ROC (2000 w-based op.points, 9 measures), curop: 318
est: 1:err(a)=0.12, 2:err(b)=0.04, 3:err(c)=0.02, 4:err(d)=0.42, 5:err(e)=0.02, 6:err(f)=0.00, 7:err(g)=0.03, 8:err(h)=0.03, 9:mean-error [0.12,0.12,...]=0.08
>> sdscatter(ts,p*r,'roc',r) % visualize the scatter and ROC plot

Note that you can switch between class errors shown the the ROC plot using the cursor keys (left/right for horizontal and up/down for vertical axis).
9.4. ROC Analysis using target thresholding (detection) ↩
In this section, we illustrate how to build ROC in target detection setting. This is achieved by thresholding the output of a model trained on a single (target) class.

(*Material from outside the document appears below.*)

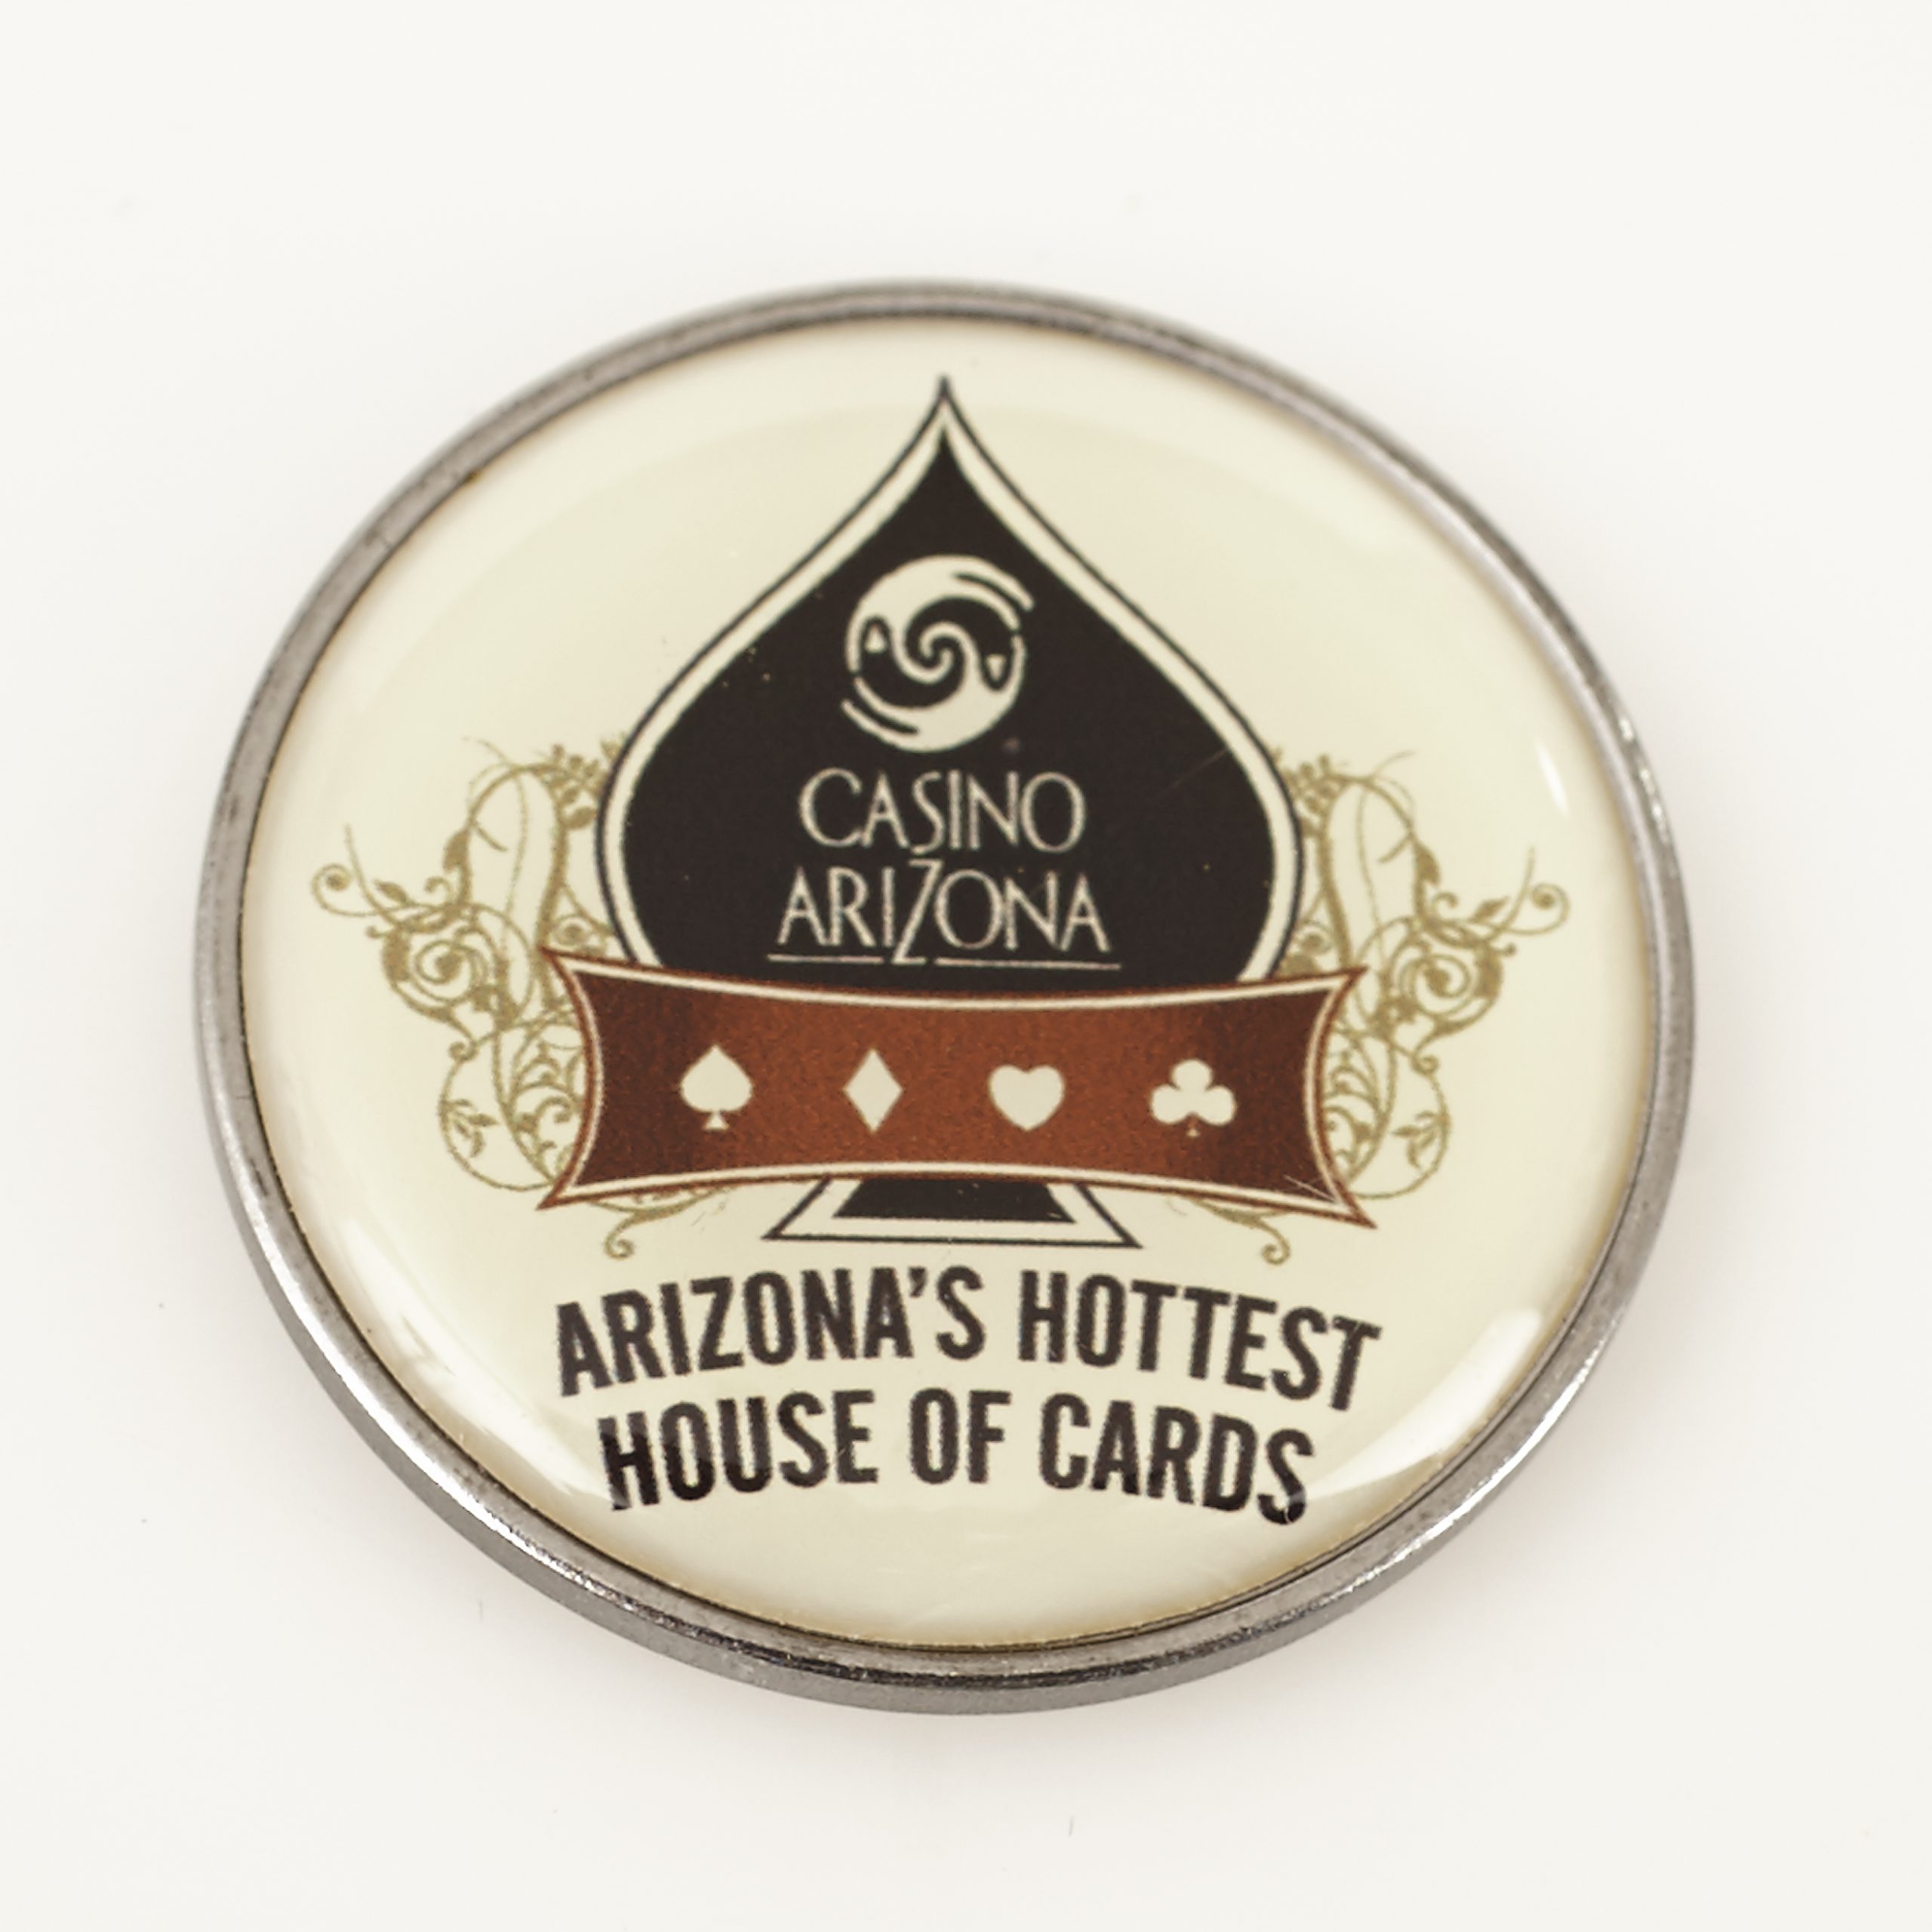 CASINO ARIZONA, ARIZONA’S HOTTEST HOUSE OF CARDS, Poker Card Guard

Let us, for example, consider the problem where we want to detect all fruit in our fruit data set which contains apple and banana fruit examples and some stone (outlier) examples.
>> a=gendatf(1000)
'Fruit set' 1000 by 2 sddata, 3 classes: 'apple'(333) 'banana'(333) 'stone'(334)
We will first create a two-class data set labeling all non-stone classes as fruit.
>> b=sdrelab(a,{'~stone','fruit'})
new lablist:
1: apple -> fruit
2: banana -> fruit
3: stone -> stone
'Fruit set', 1000 by 2 sddata, 2 classes: 'stone'(334) 'fruit'(666)
>> [tr,ts]=randsubset(b,0.5) % split the data into training and validation
'Fruit set', 500 by 2 sddata, 2 classes: 'stone'(333) 'fruit' (167)
'Fruit set', 500 by 2 sddata, 2 classes: 'stone'(333) 'fruit' (167)
We will train a mixture model on the fruit class only:
>> p=sdmixture(subset(tr,'fruit'),'comp',10,'iter',30)
[class 'fruit' EM:.............................. 10 comp]
Mixture of Gaussians pipeline 2x1 one class, 10 components (sdp_normal)
We will estimate soft outputs on our test set:
>> out=ts*p
'Fruit set' 500 by 1 sddata, 2 classes: 'stone'(167) 'fruit'(333)
The out data contains one column representing the fruit class and
contains labels of two classes (we need non-target examples to perform
ROC):
>> out.featlab.list
sdlist (1 entries)
ind name
1 fruit
>> out.lab.list
sdlist (2 entries)
ind name
1 stone
2 fruit
The ROC analysis is straightforward:
>> r=sdroc(out)
1: stone -> non-fruit
2: fruit -> fruit
ROC (500 thr-based op.points, 3 measures), curop: 170
est: 1:err(fruit)=0.10, 2:err(non-fruit)=0.16, 3:mean-error=0.13
We visualize the detector decisions plotting the data a with all three
classes:
>> sdscatter(a,p*r,'roc',r)

By thresholding the fruit model output, we effectively reject outliers.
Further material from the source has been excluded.